Bussing is available from Hermosa to Custer, but not from the surrounding areas.

“I want to have something for the town, whether that’s a school or some other opportunity,” Lintz said. “We need to come up with something.”

“We never said we weren’t going to entertain bussing options,” board president Tim Wicks said.

“But what are our true savings?” Lintz asked. “Does it take it from a reasonable savings to a miniscule saving? Is it worth taking the kids out of the community?”

“The biggest concern I have is that gravel road,” said Mel Whitney, rural school parent. “If we have a real South Dakota winter, you’re asking me to either drive my child through snow or trust my child on a bus through snow and nasty roads? It’s not going to happen. There were times when teachers couldn’t even make it to the school.”

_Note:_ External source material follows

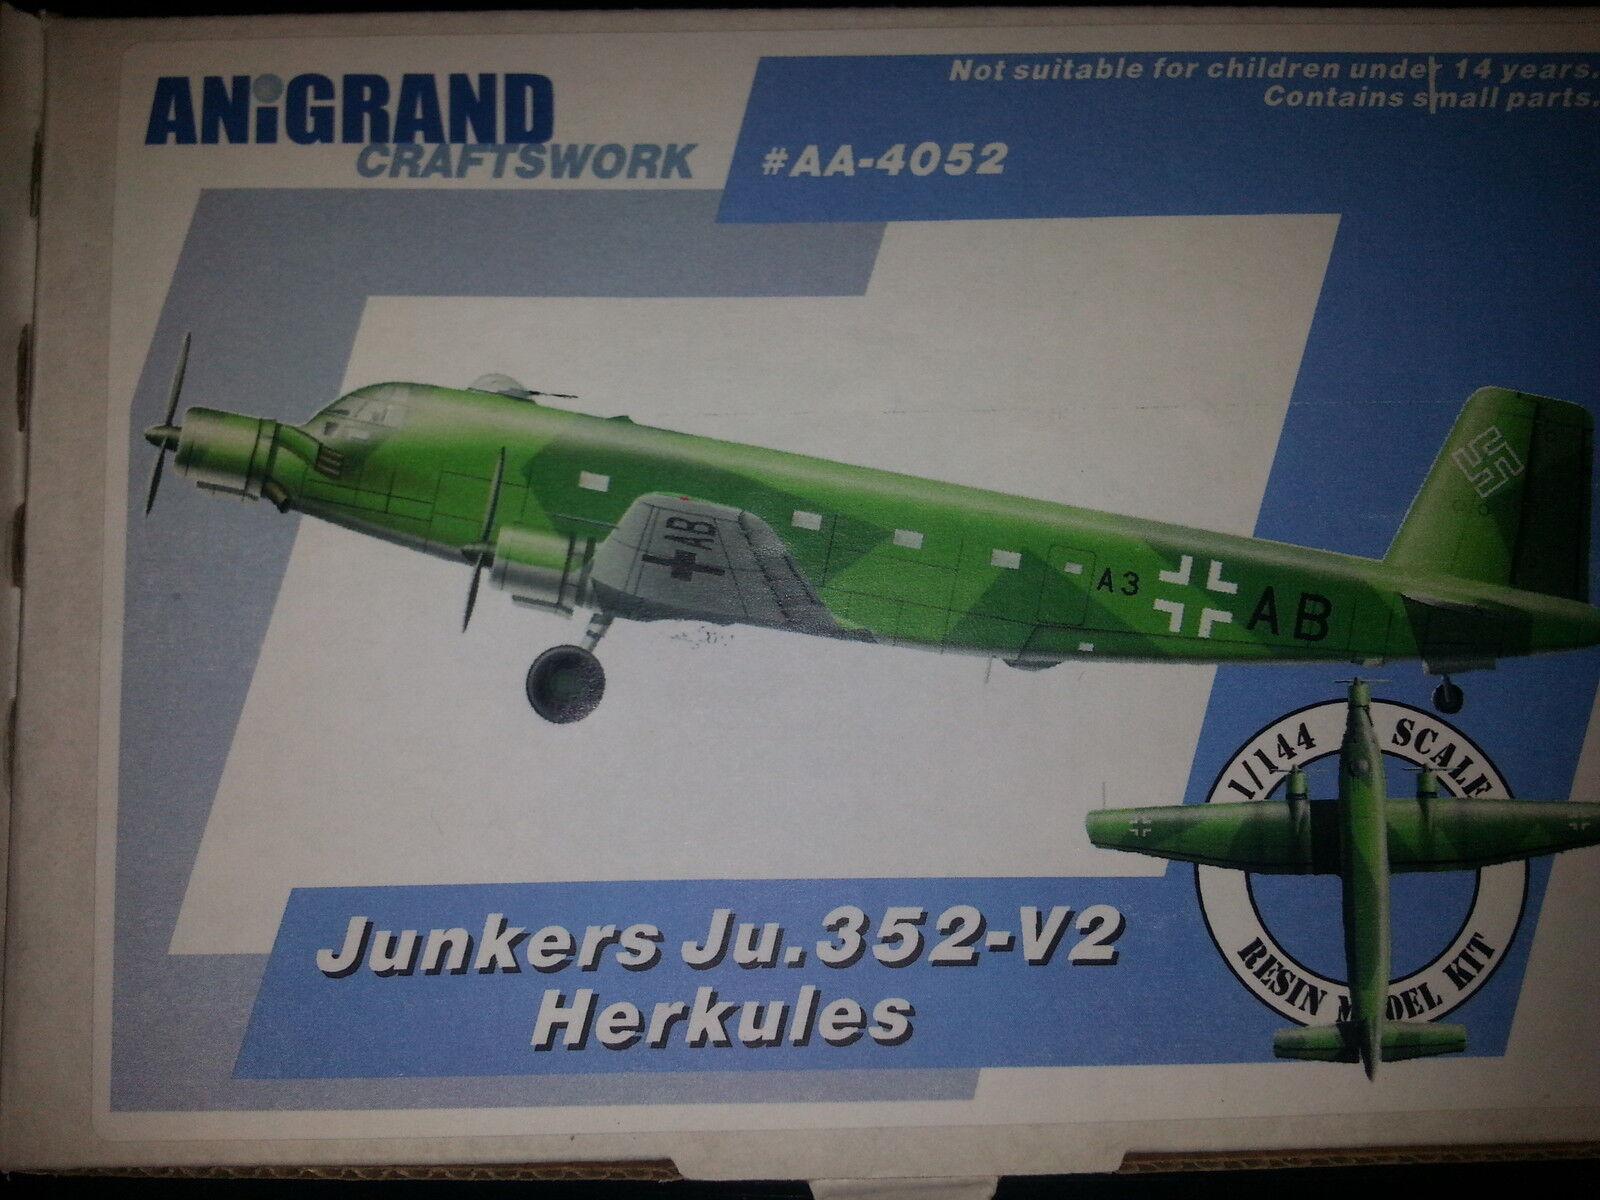 JUNKERS JU-352-V2 HERKULES (+ 4 Kits) ANIGRAND 1 144 RESIN KIT

Whitney and other rural school parents didn’t see the appeal of bussing since it would cost the district additional money, which could have been put into the two schools. Road conditions were also a huge factor.

“What happens when our children miss so many days they are beyond the days they can miss?” Whitney asked. “There are times when Hermosa doesn’t close, but our kids can’t make it. It’s not safe. I’m not going to put my child in a car and drive off the road. School is not more important than my child’s life. That’s going to come first. That’s my priority.”

Also during the meeting:

• The board approved contingency transfers for the 2012-13 school year and adopted the supplemental budget for the 2012-13 school year. The board also approved the transfer of $250,000 from the Impact Aid fund to the general fund to balance this year’s budget. They also acknowledged the five-year capital appropriations plan which showed all scheduled debt payments through fiscal year (FY) 17, as well as budgeted revenues and expenditures for FY13 and FY14. They also adopted the 2013-14 budget resolution (which had no changes since the May budget hearing) and the tax levies.

• The board adopted and renewed the Associated School Board of South Dakota’s (ASBSD) workman’s compensation insurance and property/liability insurance and approved the lunchtime program with Lunchtime Solutions as well as breakfast/lunch prices for the 2013-14 school year. 

• Supt. Scott Lepke updated the board on the $25,000 grant the district received from Homeland Security in order to install electric keypads, which would require visitors at the elementary and junior-senior schools in Custer and the Hermosa School to be buzzed in by office staff. The district will have to provide additional funding for the keypads, which will come from the sale of the old administration building.

The next Custer School District Board of Education meeting will be Monday, July 8, at the administration building in Custer.